▶ [Work to be completed]:
Your answer must consist of the lines running from the one that holds "Разработка в монорепозитории." to the end of the data, copied exactly.

▶ [Input data]:
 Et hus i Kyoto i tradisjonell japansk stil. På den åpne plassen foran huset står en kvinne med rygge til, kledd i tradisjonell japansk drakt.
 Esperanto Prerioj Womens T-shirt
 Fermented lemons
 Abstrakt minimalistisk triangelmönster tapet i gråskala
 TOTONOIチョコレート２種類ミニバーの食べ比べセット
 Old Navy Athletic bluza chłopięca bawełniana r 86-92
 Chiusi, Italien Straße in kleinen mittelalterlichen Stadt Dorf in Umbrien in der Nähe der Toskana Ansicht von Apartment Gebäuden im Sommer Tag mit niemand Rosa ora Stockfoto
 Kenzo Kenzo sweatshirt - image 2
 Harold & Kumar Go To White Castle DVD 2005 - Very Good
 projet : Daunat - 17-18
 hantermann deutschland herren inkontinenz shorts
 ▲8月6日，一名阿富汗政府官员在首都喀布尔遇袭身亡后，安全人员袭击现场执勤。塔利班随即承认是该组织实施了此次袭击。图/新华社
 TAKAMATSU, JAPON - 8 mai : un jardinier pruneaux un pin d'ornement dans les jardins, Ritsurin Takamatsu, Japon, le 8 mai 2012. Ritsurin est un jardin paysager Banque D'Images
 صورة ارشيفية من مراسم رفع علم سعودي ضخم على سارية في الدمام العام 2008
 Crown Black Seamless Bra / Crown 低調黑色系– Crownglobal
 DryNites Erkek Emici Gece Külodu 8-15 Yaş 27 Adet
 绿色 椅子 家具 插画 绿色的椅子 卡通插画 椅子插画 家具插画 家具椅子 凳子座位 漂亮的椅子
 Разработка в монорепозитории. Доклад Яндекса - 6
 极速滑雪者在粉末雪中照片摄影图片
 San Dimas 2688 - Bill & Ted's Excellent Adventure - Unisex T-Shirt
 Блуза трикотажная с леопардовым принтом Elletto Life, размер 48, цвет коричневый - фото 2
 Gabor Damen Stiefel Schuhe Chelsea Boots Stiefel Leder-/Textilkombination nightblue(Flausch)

▶ [Reply]:
 Разработка в монорепозитории. Доклад Яндекса - 6
 极速滑雪者在粉末雪中照片摄影图片
 San Dimas 2688 - Bill & Ted's Excellent Adventure - Unisex T-Shirt
 Блуза трикотажная с леопардовым принтом Elletto Life, размер 48, цвет коричневый - фото 2
 Gabor Damen Stiefel Schuhe Chelsea Boots Stiefel Leder-/Textilkombination nightblue(Flausch)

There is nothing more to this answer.